Fortunately, the available playbooks around risk and adaptation are broadly prevalent thanks to planning innovators like Cisco, Apple, and Schneider Electric. The sophistication of the discipline aligns broadly to three successive waves: 

  1. 1

    Operations planning started in the early 1990s as a method for optimizing factory capacity.

  2. 2

    By the mid-1990s, pioneers like Honeywell and Procter & Gamble added a cross-functional multi-time-horizon element called Sales & Operations Planning (S&OP). 

  3. 3

    Circa 2007-2010, CFOs and GMs at brands like Samsung and Nike co-opted S&OP to get every global c-level executive on the same page fast, and Integrated Business Planning (IBP) was born.

The problem, as we now see, is that risk is pervasive and amplifying. It’s no longer enough to align smart people around a statistically generated forecast. 

What’s exciting is that the planning profession may be on the cusp of a 4th wave breakthrough, fundamentally more responsive, resilient, and responsible. 
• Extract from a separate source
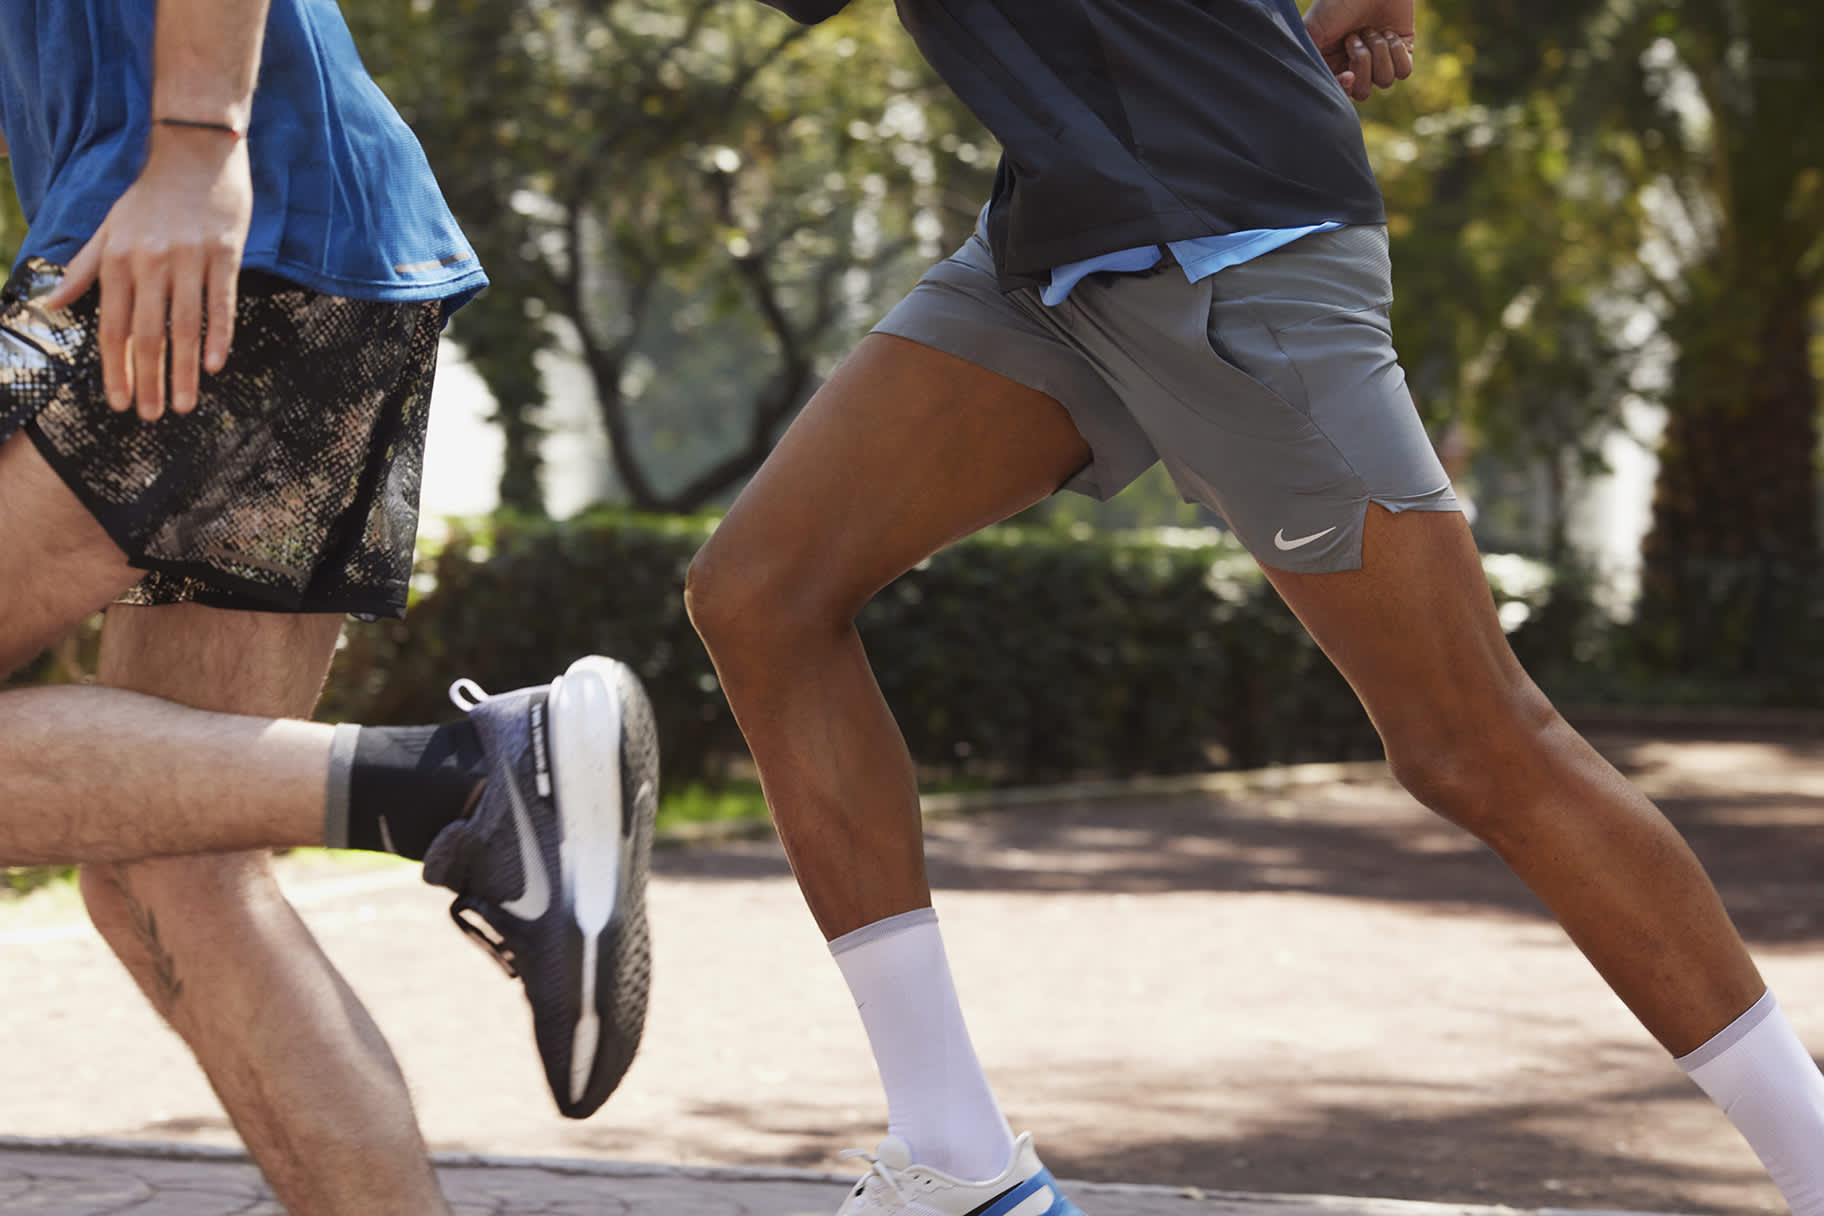 https://static.nike.com/a/images/w_1920,c_limit/975acece-6f60-4c58-892f-11b552aff8d6/the-best-running-shorts-for-men-by-nike.jpg

Talkin’ ‘Bout My Regeneration 

The details are still emergent, but what we’re seeing from planning path breakers like Apple and HP is an embrace of change rather than any attempt to optimize around it. If IBP was about integration, the defining quality in Wave 4 is regeneration: a systemic ability to renew insights, profit, and planet. 

Six digitally powered, human-centered capability vectors are under development among these planning innovators to make this new wave different: 

  1. De-averaging with tuned stochastics: Using business segmentation, backed by fit-for-purpose probabilistic forecasting tools to model the unique demand-supply patterns in each product-market segment. Takeaway: Treat averages like cake: easy to consume, but empty calories. 
  2. Real options via simulation: Simulating what-if scenarios with range plans and digital twins to serve up dollarized realistic options so that the tradeoffs are clear, so that choices can be made in real time during executive IBP review. Takeaway: In the face of extreme uncertainty, assume even the most analytically sophisticated forecast is wrong. Under these conditions, scenarios enable more informed bets, leveraging the combined power of machine insights and human intuition.  
  3. Multi-echelon connectivity via cloud and modular data: Leveraging cloud-based solutions and modular data architectures to unlock visibility to cash, customers, and carbon across more functions, more tiers in the supply-demand chain, more time horizons, and more options, quickly. Takeaway: Risk and value creation increasingly sits outside the four walls of the enterprise. Bring it in.  
  4. Auto-improvement with AI and ML: Leveraging AI and machine learning to continuously improve and regenerate models of today’s reality and tomorrow’s possibility. Takeaway: Hire smart people to train the learning machine.  
  5. DfR (Design for Regeneration): Incorporating carbon targets and carbon cost-benefit metrics in system configuration. Also, allowing evaluation of supply options in terms of recurrent revenue versus standalone purchases. Takeaway: Millennial and Gen-Z talent prioritize purpose. And lifetime value is the better profit predictor. Configure planning processes for both.  
  6. People at the center: Complementing plan productivity metrics with HR intangibles, e.g., quality of executive sponsorship, planner career acceleration, and engagement with the systems we deploy. Takeaway: Walking the talk of planning transformation, obsessing the details of career path execution, and over-investing in user-centered design.  

S&OP and IBP have added billions of dollars in shareholder value over their 20+ year span. In this next volatile era, the spoils of regenerative business planning (RBP) are likely to be equally immense. A natural first step would be to run pilots along on one of these six dimensions. Experiment to learn and make room for those exceptional planners most hungry to ride the wave.